固定資産税を多く払いすぎた分は市区町村から還付できます。

固定資産税の誤りがあった場合、各自治体は過払い分を過去5年間にさかのぼって返金しなければいけません。

原則は過去5年分ですが、市区町村によっては最大20年間まで還付してもらえるので問い合わせてみましょう。

固定資産税の課税ミスは意外に多い

ちなみに固定資産税の課税額の誤りは多く、総務省の調査によると税額修正があった市町村は全体の97%

固定資産税修正報告1

また修正の内訳を見ると土地、家屋ともに全体の0.2%が税額修正をしています。

固定資産税修正報告2

「500人に1人の割合で課税ミスが起きている」ということですね…。

「固定資産税が高い…」と思った際は市区町村に問い合わせてみましょう。

(参考:総務省 固定資産税及び都市計画税に係る税額修正の状況調査結果

⑦分譲マンションの固定資産税はどうなりますか?

マンションの固定資産税は一般住宅と同様に軽減措置も使えるため、新築~3年目の場合は10万円/年が相場です。

ただし4年目から軽減措置がなくなり税額が倍に跳ね上がることもあります。

もちろんマンションによっては各種軽減措置が使えるものもあるため、購入前にチェックしておきましょう。

また2018年以降に建てられたタワーマンション(高さ60m以上かつ20階建て以上の物件)の場合は、上層階に位置するほど固定資産税負担が重くなります。

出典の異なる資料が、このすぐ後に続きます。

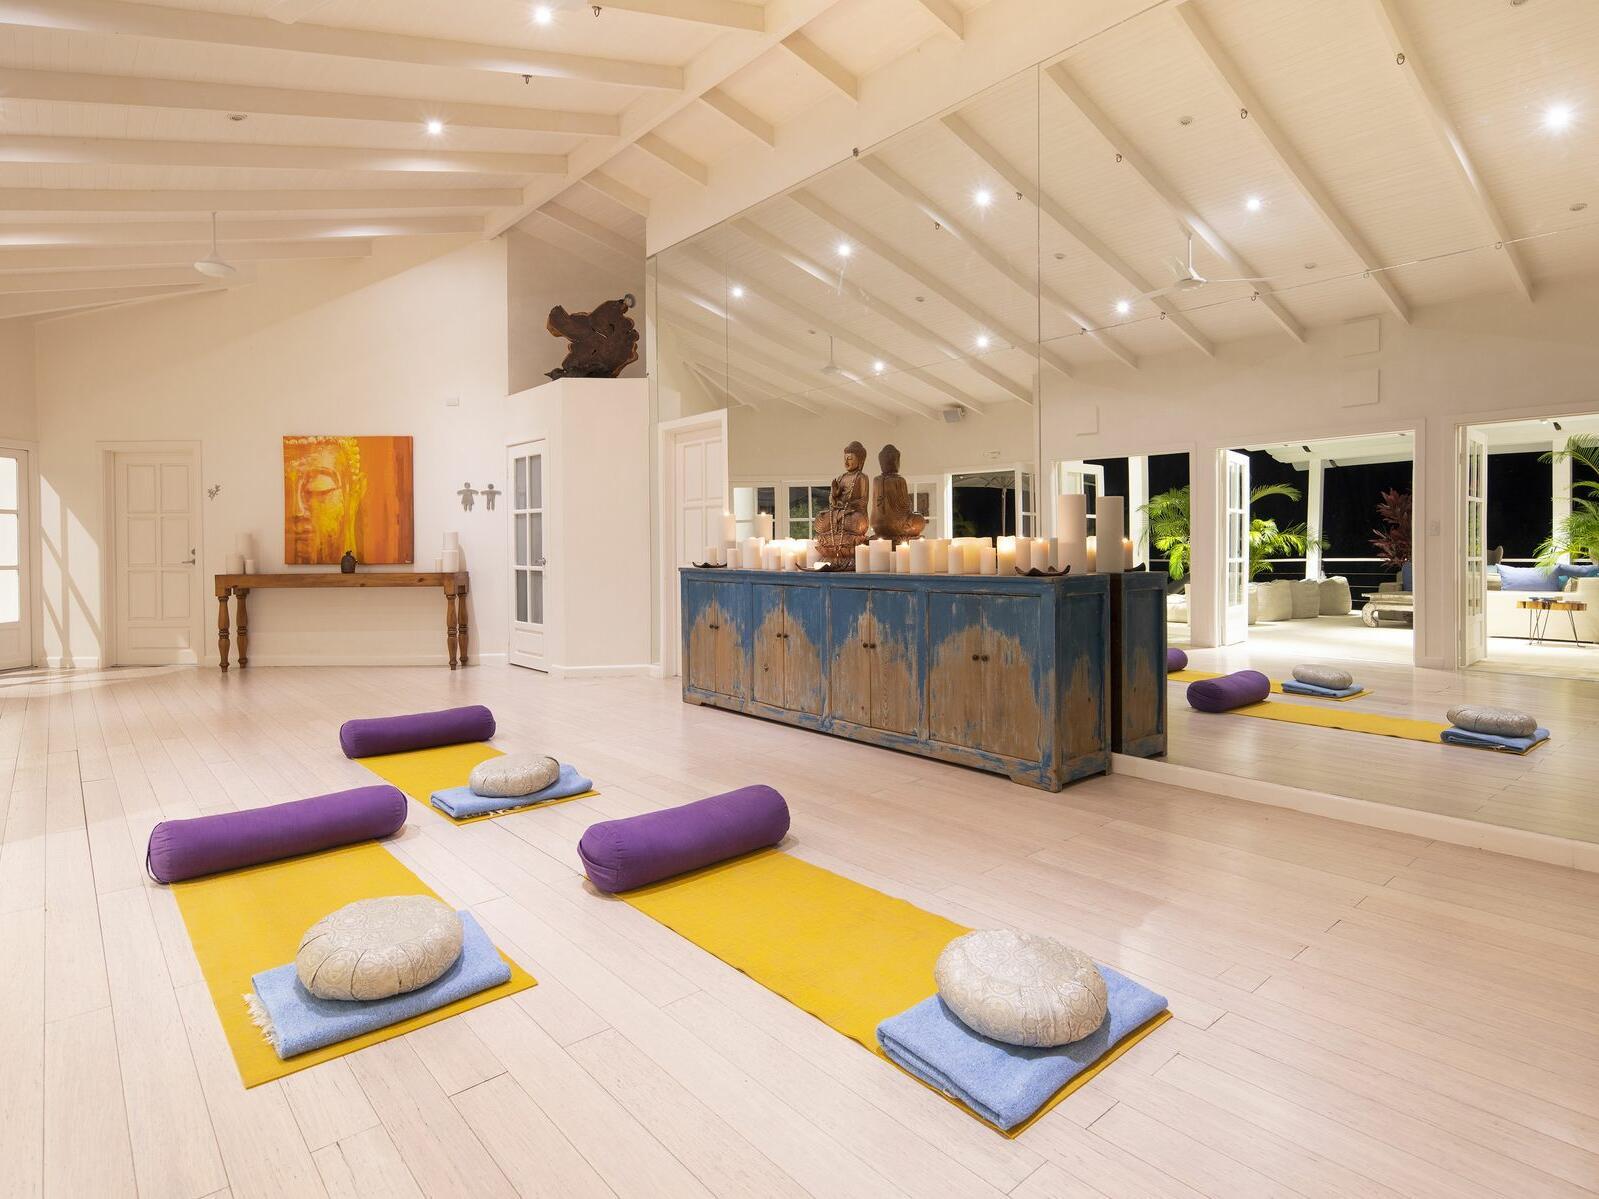 yoga studio with mats and pillows
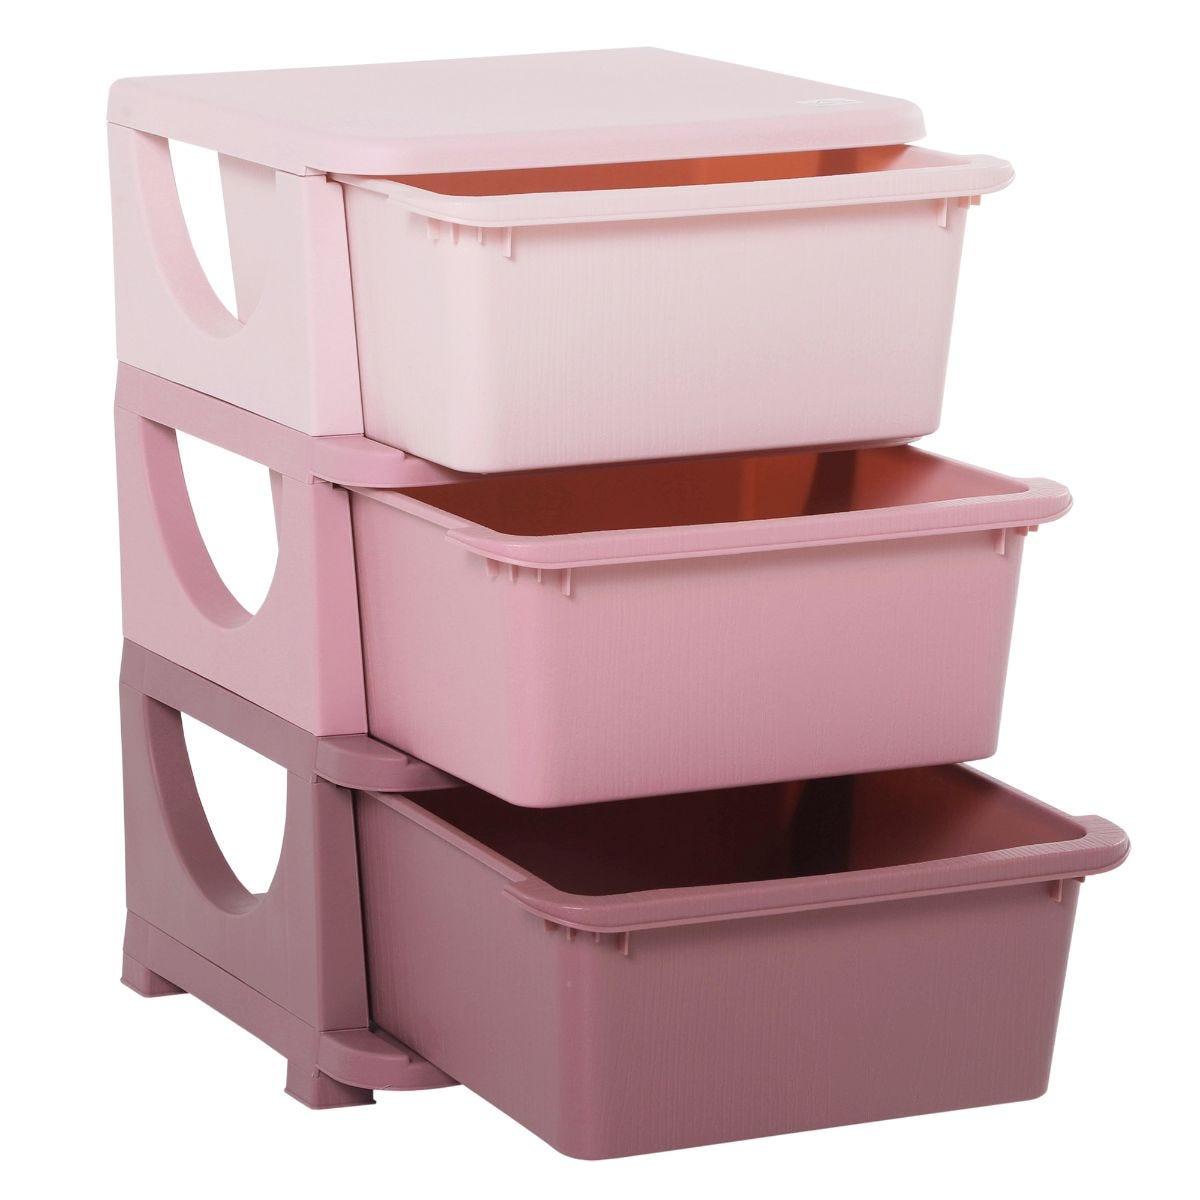 Kids Storage Unit with Drawers 3 Tier Chest Vertical Dresser Tower Pink

高層分譲マンションにおける固定資産税の仕組み中間の階から…

  • 1回上がる毎に0.256%ずつ税額が増える
  • 1回下がる毎に0.256%ずつ税額が減る

たとえば51階建てのタワーマンションで、中間の26階の固定資産税が20万円の場合、最上階の税額は21万2,800円/年で、1階の固定資産税は18万7,200円/年。
差は最大で2万5,600円です。

以上税額や計算方法を中心に、固定資産税について徹底的に解説してきました。

おさらいですが固定資産税は土地、建物ともに必ずかかる税金で、計算方法はどちらも固定資産税評価額×税率1.4%

土地と建物、それぞれの固定資産税評価額を調べればカンタンに税額を計算できます。

軽減措置や特例も織り込んで、あなたが払わないといけない固定資産税を概算してみてください。

また支払う固定資産税を減額するなら、土地の有効活用が効果的です。